● Work instructions
Keep only the lines of the material below that contain the word "Professional". Copy those lines.

● Data extracts
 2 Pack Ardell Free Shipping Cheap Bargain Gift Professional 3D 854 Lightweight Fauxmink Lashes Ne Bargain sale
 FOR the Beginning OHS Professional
==
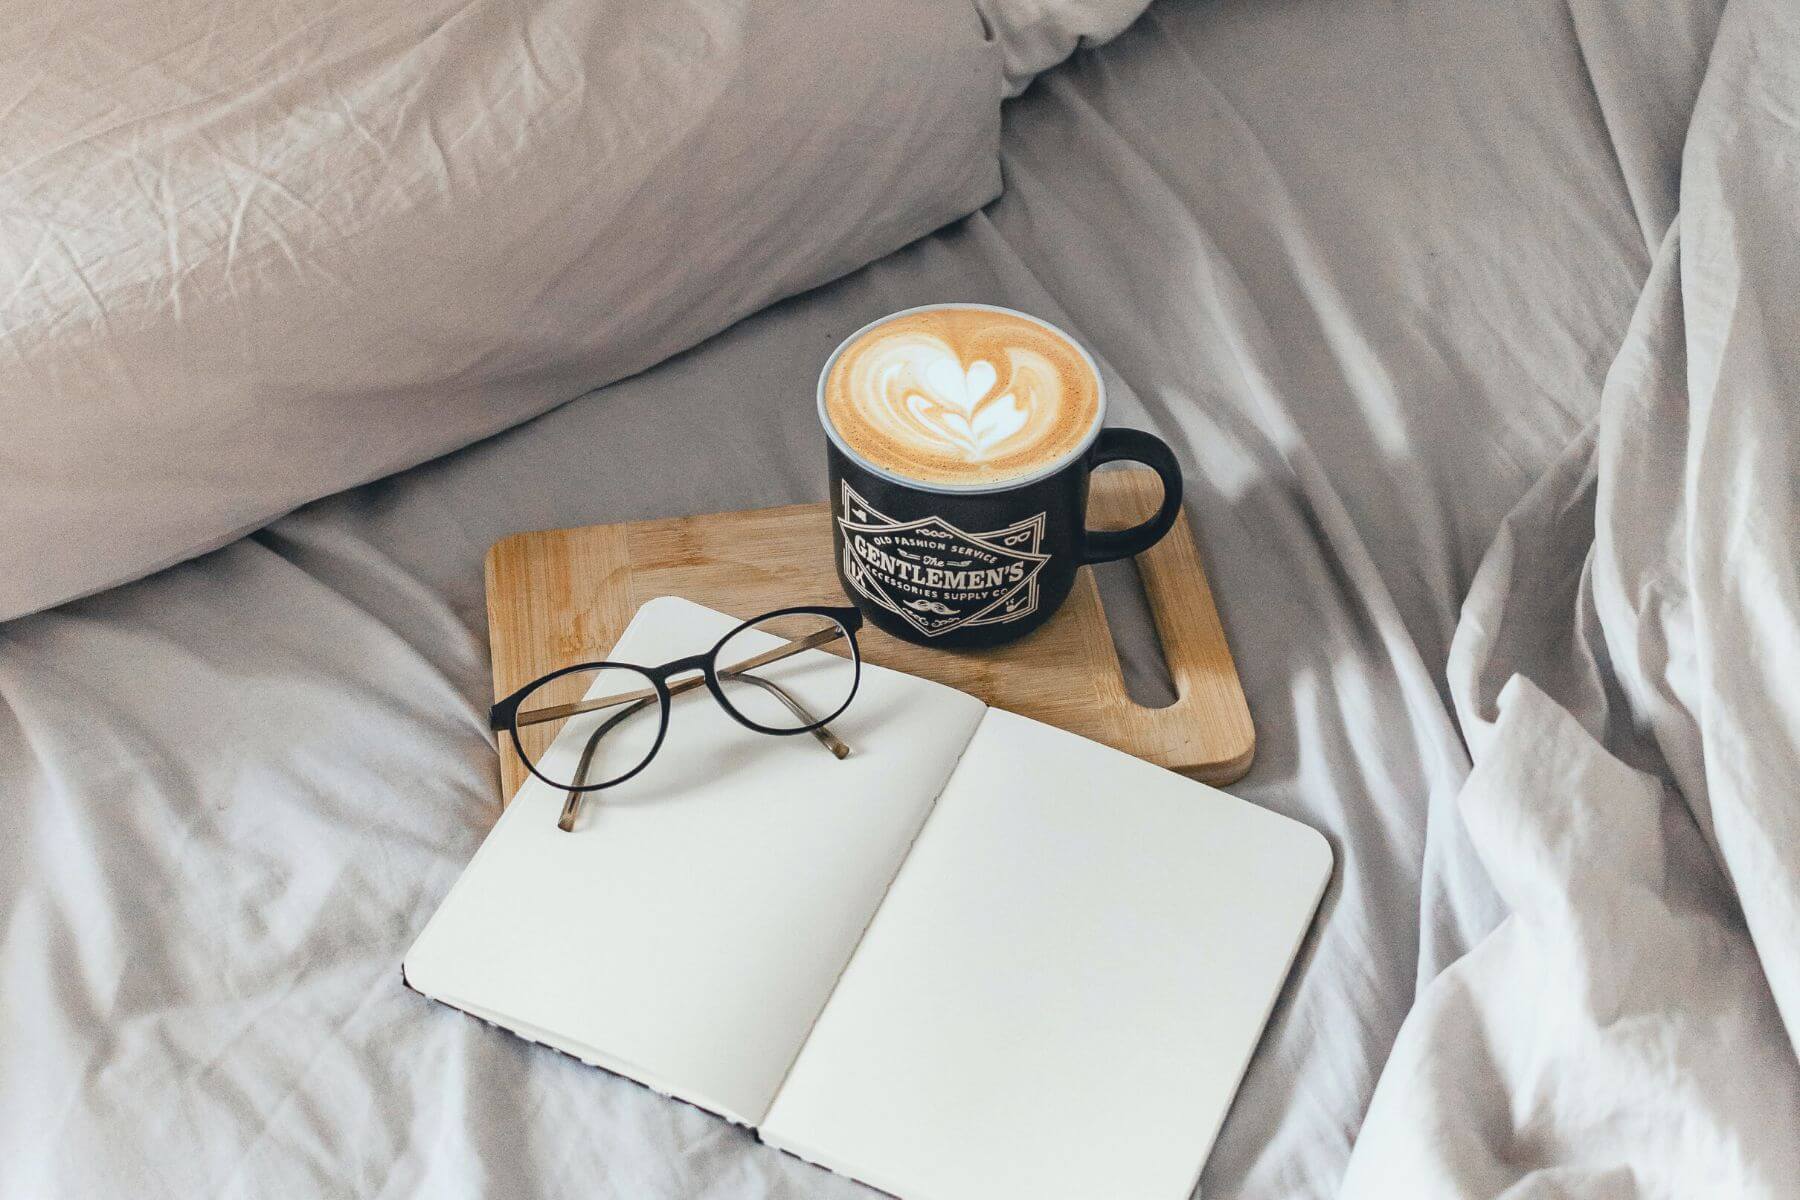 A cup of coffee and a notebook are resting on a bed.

● Response area
 2 Pack Ardell Free Shipping Cheap Bargain Gift Professional 3D 854 Lightweight Fauxmink Lashes Ne Bargain sale
 FOR the Beginning OHS Professional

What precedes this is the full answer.